Problem to solve: Go through the data below and transcribe it exactly. Omit the images.

Data section:

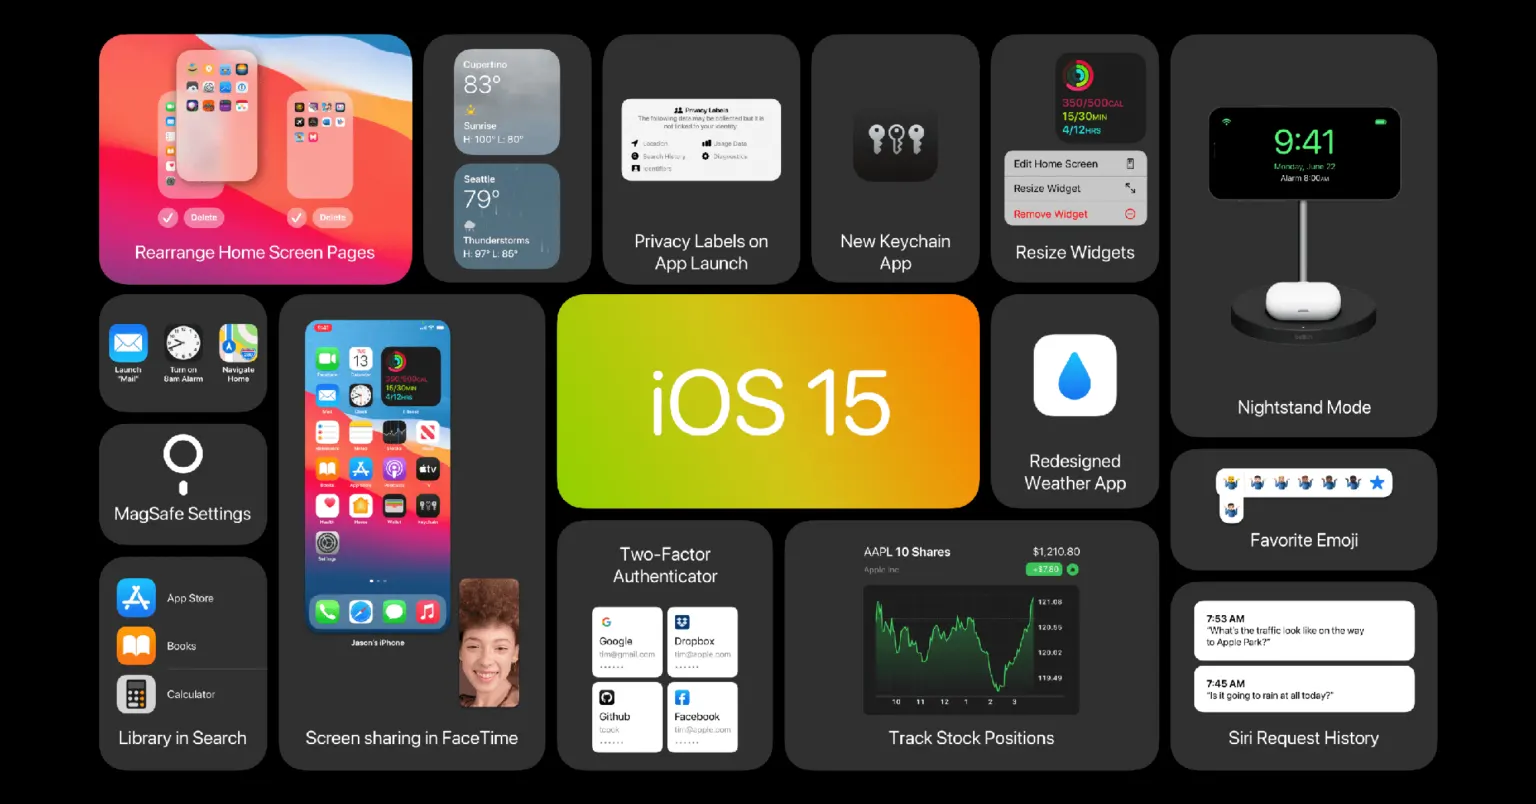 [WWDC21] Danh sách
chính thức các thiết bị hỗ trợ cập nhật iOS 15, iPadOS 15,
watchOS 8, macOS Monterey

Output:
 [WWDC21] Danh sách
chính thức các thiết bị hỗ trợ cập nhật iOS 15, iPadOS 15,
watchOS 8, macOS Monterey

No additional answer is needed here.